Brady told police she then put Rehma into her crib to ­resume napping, leaving her there until around 4:15 p.m. when she became concerned with the duration of the nap and went to wake the child.

Brady said she found Rehma in her crib, clenching her fists, her arms and legs stiff. When she picked Rehma up, “she ­appeared limp,’’ the report stated. Brady got a wet cloth and placed it on Rehma’s head, then called 911. Paramedics found the girl breathing but unconscious.

Investigators said they ­believe that the girl’s injuries must have occurred sometime after 1:30 p.m. and before 4:30 p.m., because Brady told them the girl had been alert and playing earlier in the day.

“Rehma would not have ­appeared ‘normal’ after the inflic­tion of injuries,” the report says, attributing the assessment to Dr. Alice Newton. “Specifically, she would not have been able to track people with her eyes, sit on her own, play with toys, hold a bottle, drink a bottle, or eat food.”

Tests indicated that Rehma sustained massive brain swelling and found several bone fractures between two weeks and two months old.

“The head injuries, however, were acute,” the report stated.

On the day of the alleged ­assault, Brady was also in charge of a second child as part of a nanny share. When the 7-month-old boy was dropped off, around 12:30 p.m. Brady told the parent that Rehma was asleep in her room; the parent did not look. The second child was unharmed.

The court documents are ­redacted to protect the name of the witnesses, but because of the redactions, it is difficult to tell how many other people visited the apartment that day, and the identity of any visitors is unclear. Prosecutors declined to comment on the ­report, and Brady’s lawyer did not return phone calls Wednesday.

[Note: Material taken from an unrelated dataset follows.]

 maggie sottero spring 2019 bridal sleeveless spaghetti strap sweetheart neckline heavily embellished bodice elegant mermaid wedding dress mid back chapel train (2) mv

Prosecutors have said they expect to press homicide charges against Brady once an autopsy is complete. The chief medical examiner’s office said Wednesday it is awaiting test results to determine the cause of death. Brady is being held on $500,000 bail.

Rehma’s parents have not spoken publicly since Brady’s arrest, and could not be reached for comment. But in a statement issued by the Middlesex district attorney’s office, the child’s parents made a public appeal for privacy.

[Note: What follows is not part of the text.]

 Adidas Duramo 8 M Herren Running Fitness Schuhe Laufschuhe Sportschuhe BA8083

“The family of this child is going through unimaginable pain and suffering, and their well-being remains a priority for us,” the statement said.

The district attorney’s office said it issued the statement at the family’s request.

“Very few can fully understand the sorrow and pain that they are enduring, and we all need to allow them the appropriate time and support they ­require to cope with this tragedy,” the statement read.

Sameer Sabir cofounded MoMelan Technologies, a ­Cambridge life sciences company, in 2009. Josh Tolkoff of Brookline, a former director of MoMelan, said he met Sabir about four years ago and praised his character and business skills.

“I think he’s a terrific guy, I think he’s smart, he’s thorough, and he’s been very honorable in all my dealings with him,” said Tolkoff. “He’s still in mourning. My heart goes out to him.”

Brady, who came to the United States in 2002, had cared for Rehma for six months. A nanny for more than a decade, Brady was accused of assaulting a female roommate in 2007 and was the subject of two restraining orders.

She married a 38-year-old Irish native in September at St. Brendan’s Church in Dorchester, according to their marriage certificate.

The couple hosted young adults visiting from Ireland for internships as youth and community workers, said Ronnie Millar, deputy director of the Irish International Immigrant Center.

“There’ve never been any ­issues with Aisling,” Millar said. “It was always a very positive experience.”

The Irish Daily Star, an Irish newspaper, reported that ­Brady’s father died four years ago, and her younger brother was killed in a car accident 12 years ago.

The paper said Brady’s mother, Margaret, had in ­recent days left Ireland for the United States.